Der Beschwerdeführer macht eine Verletzung seines verfassungsmässigen Gehörsanspruchs geltend. Aufgrund dessen formeller Natur sind die entsprechenden Rügen vorab zu behandeln.

3.1 Der Beschwerdeführer rügt in diesem Zusammenhang als Erstes, dass die Vorinstanz bei ihrem Entscheid verschiedene Unterlagen unberücksichtigt liess.

Verwaltungs- und Rechtsmittelbehörden müssen das von den Parteien Vorgebrachte zur Kenntnis nehmen. Ob eine Rechtsmittelinstanz eingereichte Unterlagen berücksichtigte, lässt sich in erster Linie an der Begründung ihres Entscheids ablesen. Der Anspruch auf einen begründeten Entscheid, wie er sich aus Art. 29 Abs. 2 BV bzw. für das Rekursverfahren aus § 28 Abs. 1 VRG ergibt, stellt insofern das Korrelat zum Anspruch auf Berücksichtigung der rechtlichen und tatsächlichen Vorbringen der Verfahrensparteien dar. Nach der Rechtsprechung muss ein Entscheid so begründet sein, dass sich die unterlegene Verfahrenspartei über seine Tragweite Rechenschaft geben und ihn in voller Kenntnis der Sache an die nächsthöhere Instanz weiterziehen kann (BGE 135 III 513 E. 3.6.5). Die Begründung muss sich jedoch nicht mit jedem Einwand ausdrücklich auseinandersetzen und jedes einzelne Parteivorbringen ausdrücklich widerlegen, sondern kann sich vielmehr auf die für den Entscheid wesentlichen Gesichtspunkte beschränken (BGE 133 III 439 E. 3.3). Es genügt mithin, dass der Betroffene die Gründe für die Abweisung seines Rechtsmittels erkennen und den Entscheid sachgerecht anfechten kann. Rechtsmittelinstanzen müssen bei der Begründung ihres Entscheids folglich nicht jedes Aktenstück einzeln anführen.

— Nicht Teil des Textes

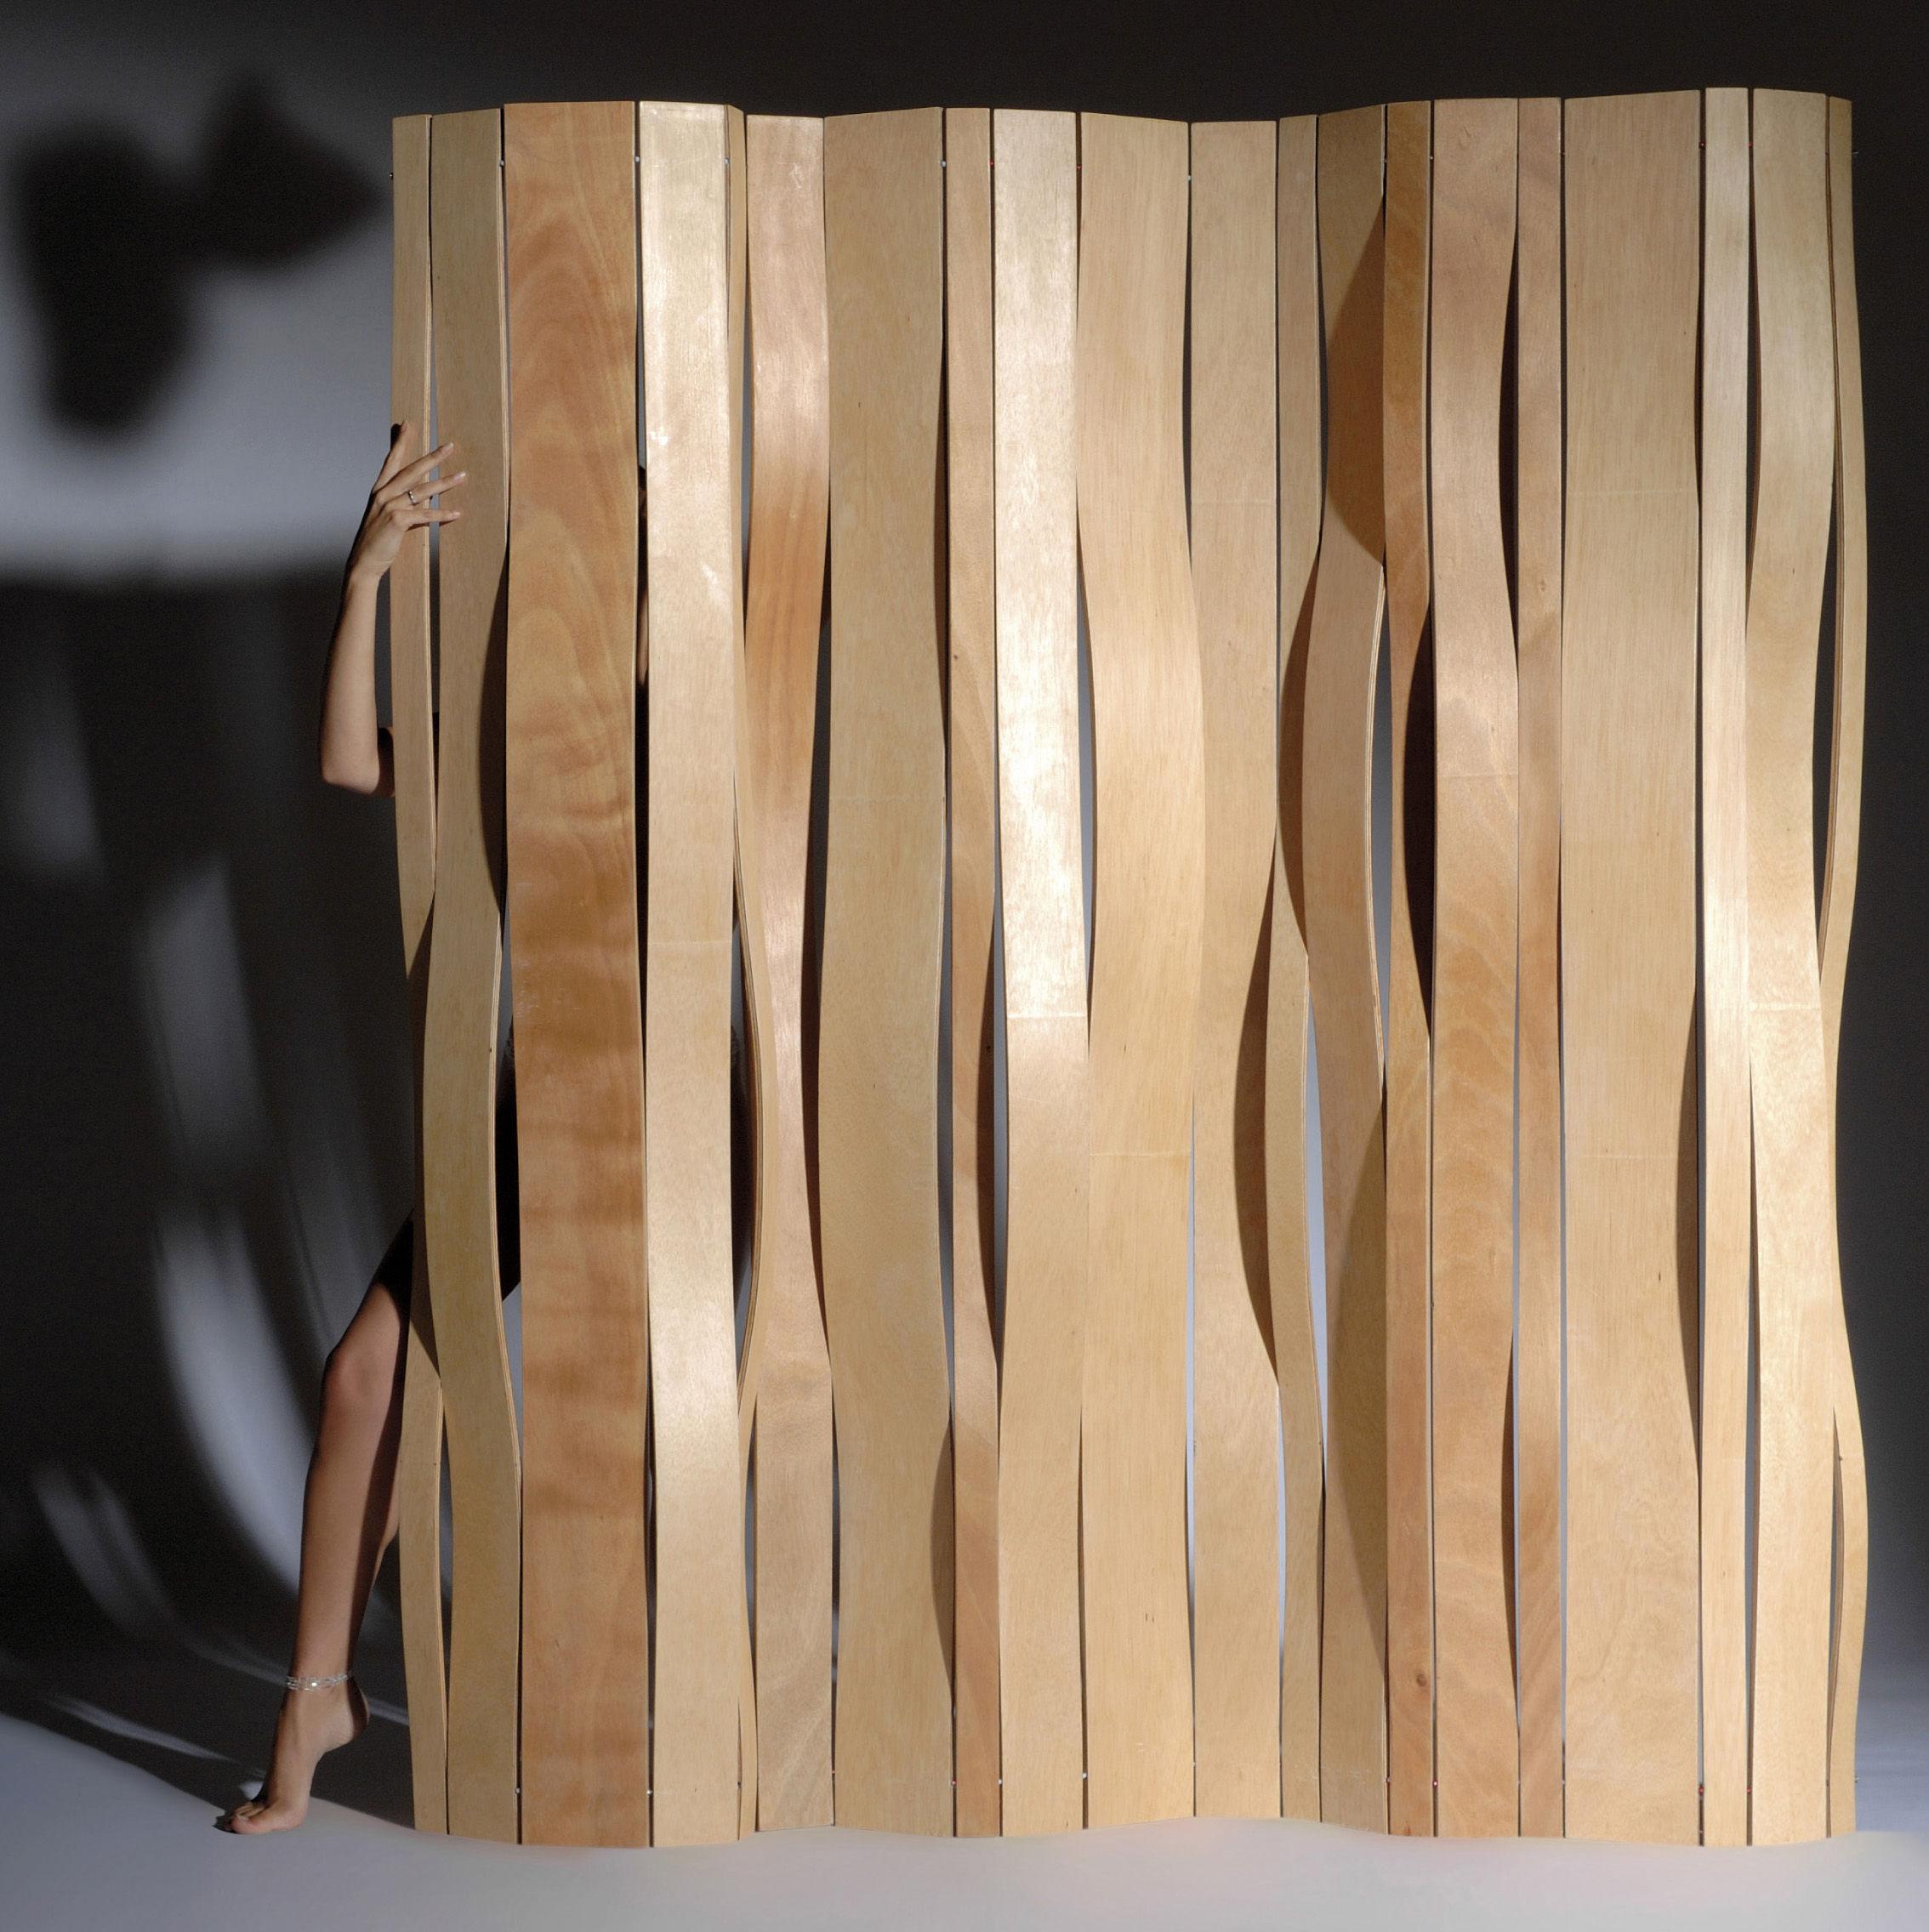 paravent swell peuplier naturel vange. Black Bedroom Furniture Sets. Home Design Ideas

Gerade bei der Auseinandersetzung mit den tatsächlichen Grundlagen des Rechtsstreits müssen sie sich vielmehr auf das für den Entscheid Wesentliche konzentrieren.

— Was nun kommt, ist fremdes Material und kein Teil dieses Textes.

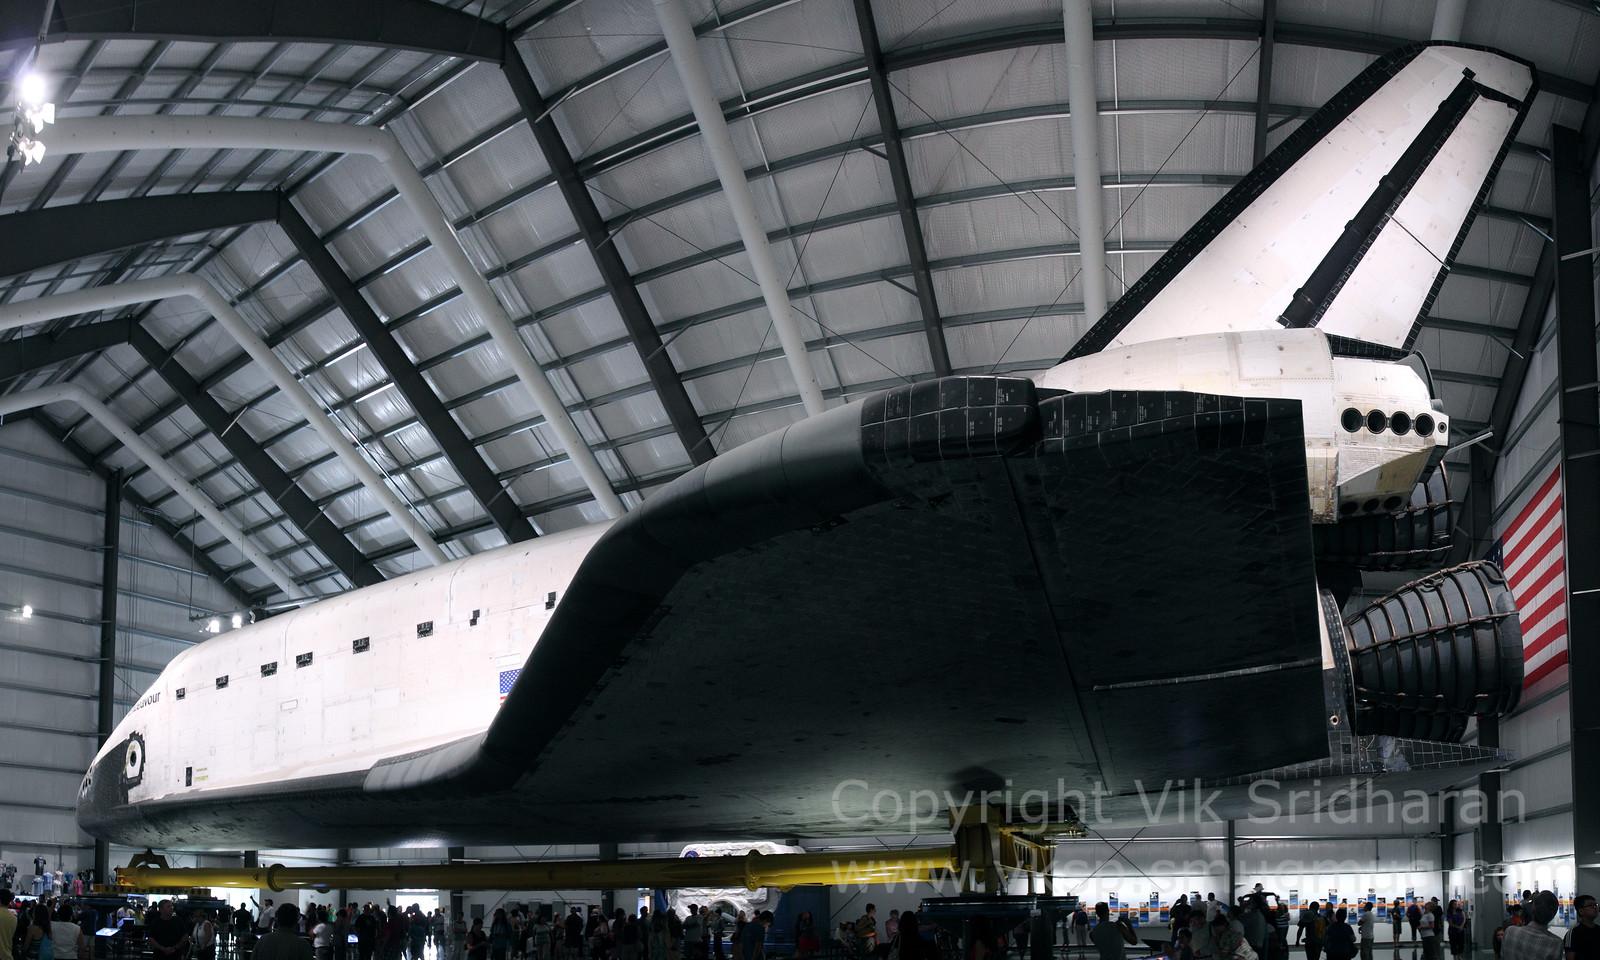 http://www.vksphoto.com/Airplanes/Air-Shows/Panoramas-Composites/i-j5pF7FV/0/X3/COMPOSITE1%207-27-13-X3.jpg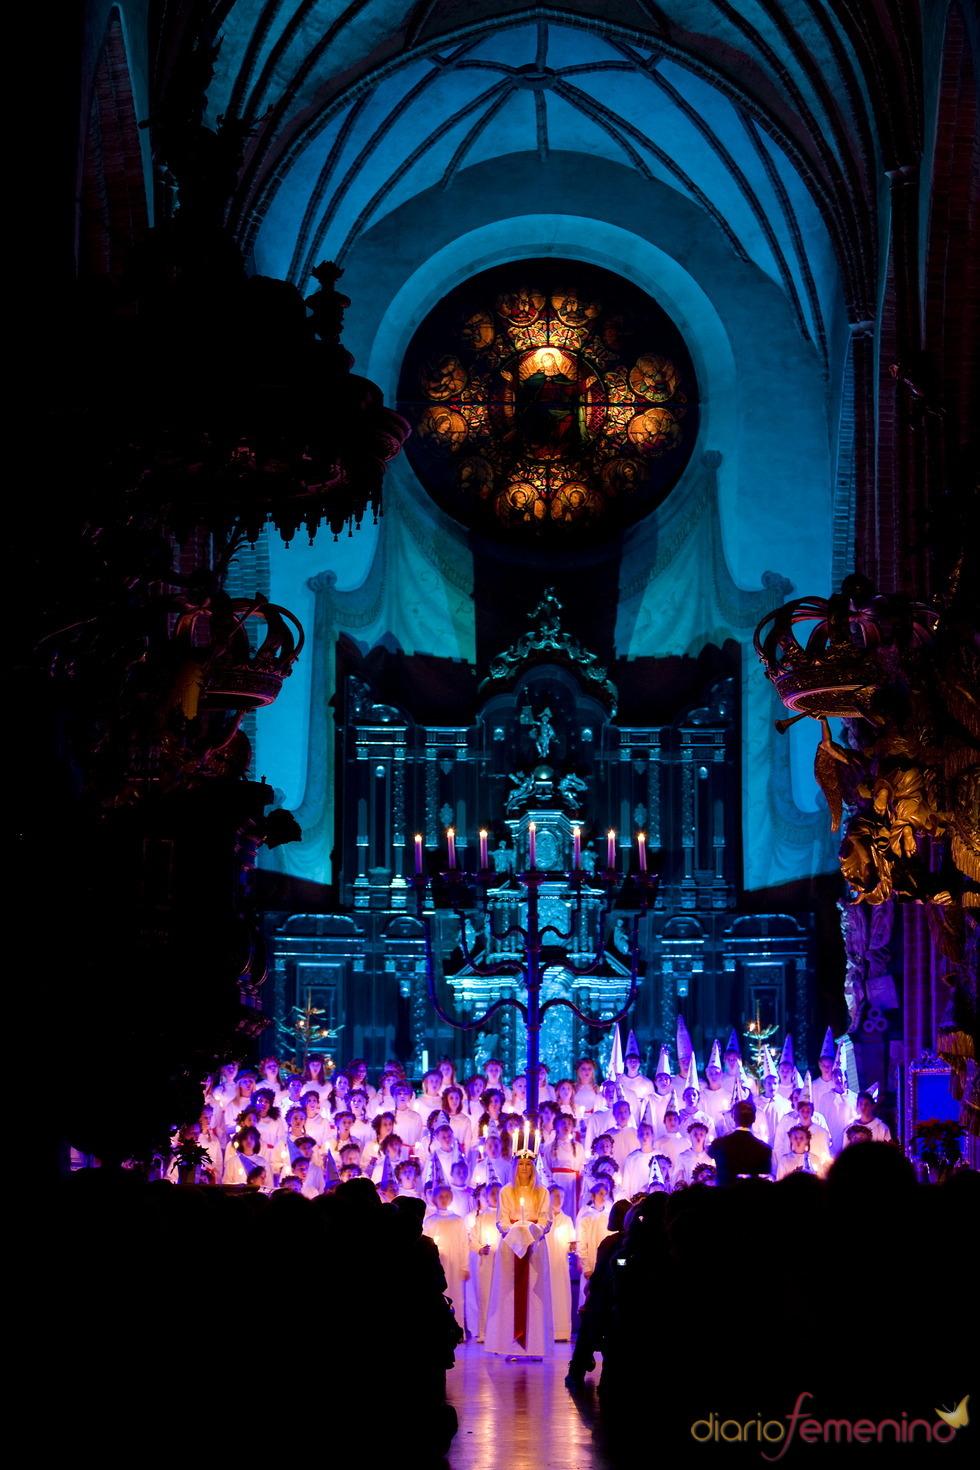 Celebración del Día de Santa Lucía, Suecia

3.2 Der Beschwerdeführer macht geltend, dass die Vorinstanz bei der Begründung ihres Entscheids das Schreiben eines Nationalrats ausser Acht liess, in dem Letzterer den Vorsteher der Baudirektion um eine einvernehmliche Erledigung der Auseinandersetzung ersuchte. Es ist nicht ersichtlich, inwiefern mit diesem Brief ein für den Entscheid wesentlicher Gesichtspunkt aufgeworfen wurde. In der Entscheidbegründung brauchte das Schreiben damit nicht gesondert erörtert zu werden.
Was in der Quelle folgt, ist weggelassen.